13.8.1. Understanding the role of IPoIB

As mentioned in Section 1.1, “Comparing IP to non-IP Networks”, most networks are IP networks. InfiniBand is not. The role of IPoIB is to provide an IP network emulation layer on top of InfiniBand RDMA networks. This allows existing applications to run over InfiniBand networks unmodified. However, the performance of those applications is considerably lower than if the application were written to use RDMA communication natively. Since most InfiniBand networks have some set of applications that really must get all of the performance they can out of the network, and then some other applications for which a degraded rate of performance is acceptable if it means that the application does not need to be modified to use RDMA communications, IPoIB is there to allow those less critical applications to run on the network as they are.
Because both iWARP and RoCE/IBoE networks are actually IP networks with RDMA layered on top of their IP link layer, they have no need of IPoIB. As a result, the kernel will refuse to create any IPoIB devices on top of iWARP or RoCE/IBoE RDMA devices.

13.8.2. Understanding IPoIB communication modes

IPoIB devices can be configured to run in either datagram or connected mode. The difference is in what type of queue pair the IPoIB layer attempts to open with the machine at the other end of the communication.

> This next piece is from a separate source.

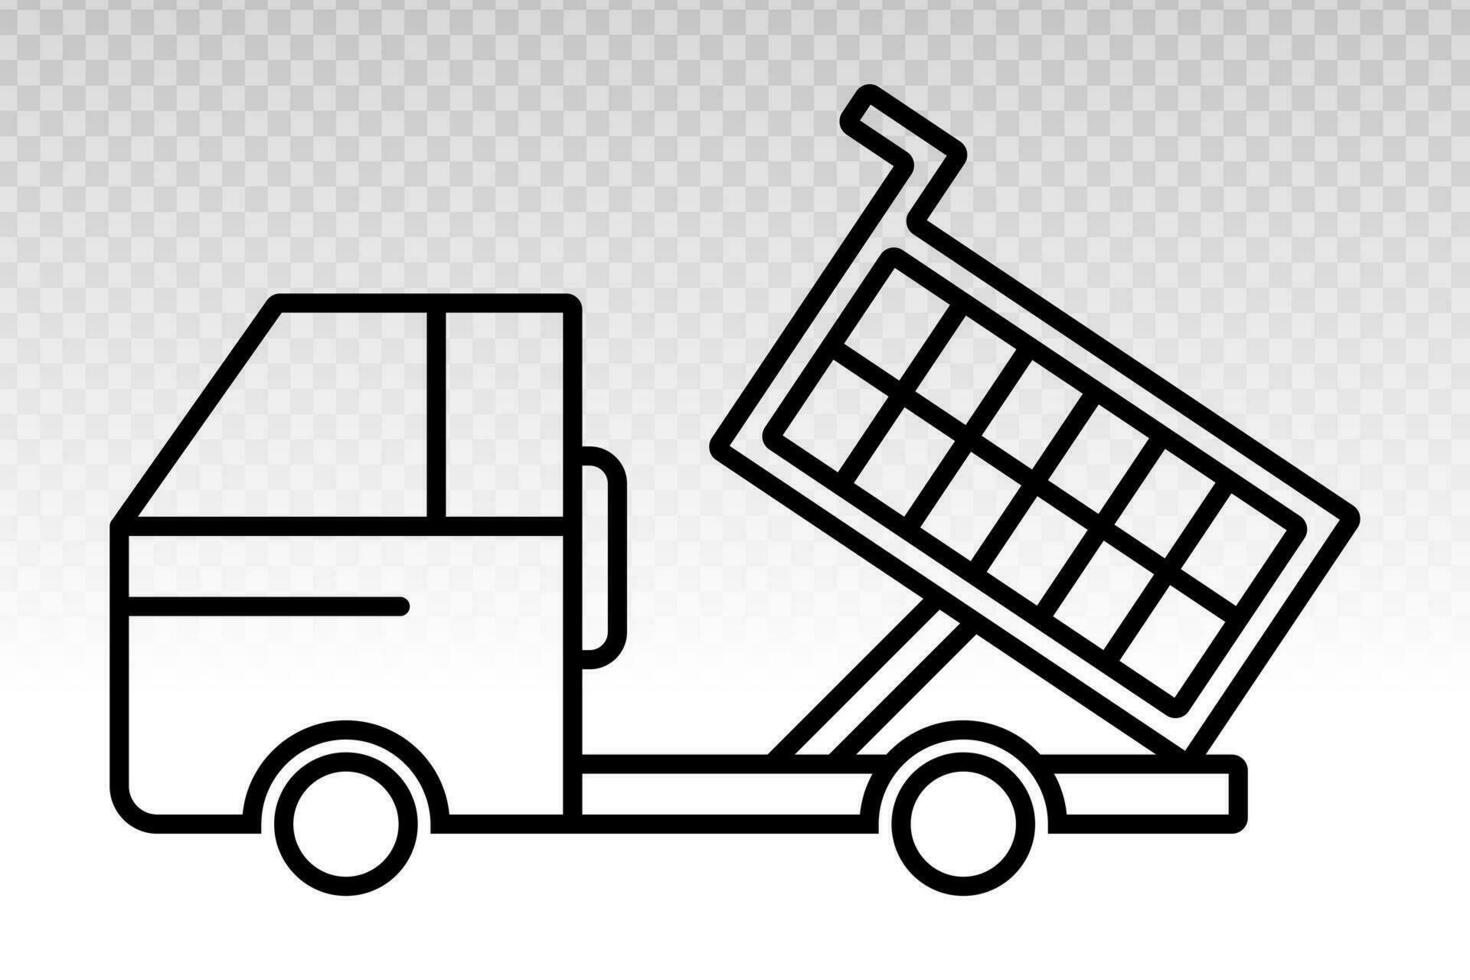 ribaltabile camion o cumulo di rifiuti camion - pesante attrezzatura linea arte icona per applicazioni o siti web vettore

For datagram mode, an unreliable, disconnected queue pair is opened. For connected mode, a reliable, connected queue pair is opened.
When using datagram mode, the unreliable, disconnected queue pair type does not allow any packets larger than the InfiniBand link-layer’s MTU. The IPoIB layer adds a 4 byte IPoIB header on top of the IP packet being transmitted. As a result, the IPoIB MTU must be 4 bytes less than the InfiniBand link-layer MTU. As 2048 is a common InfiniBand link-layer MTU, the common IPoIB device MTU in datagram mode is 2044.
When using connected mode, the reliable, connected queue pair type allows messages that are larger than the InfiniBand link-layer MTU and the host adapter handles packet segmentation and reassembly at each end. As a result, there is no size limit imposed on the size of IPoIB messages that can be sent by the InfiniBand adapters in connected mode. However, there is still the limitation that an IP packet only has a 16 bit size field, and is therefore limited to 65535 as the maximum byte count. The maximum allowed MTU is actually smaller than that because we have to account for various TCP/IP headers that must also fit in that size. As a result, the IPoIB MTU in connected mode is capped at 65520 in order to make sure there is sufficient room for all needed TCP headers.
The connected mode option generally has higher performance, but it also consumes more kernel memory. Because most systems care more about performance than memory consumption, connected mode is the most commonly used mode.
However, if a system is configured for connected mode, it must still send multicast traffic in datagram mode (the InfiniBand switches and fabric cannot pass multicast traffic in connected mode) and it will also fall back to datagram mode when communicating with any hosts not configured for connected mode. Administrators should be aware that if they intend to run programs that send multicast data, and those programs try to send multicast data up to the maximum MTU on the interface, then it is necessary to configure the interface for datagram operation or find some way to configure the multicast application to cap their packet send size at a size that will fit in datagram sized packets.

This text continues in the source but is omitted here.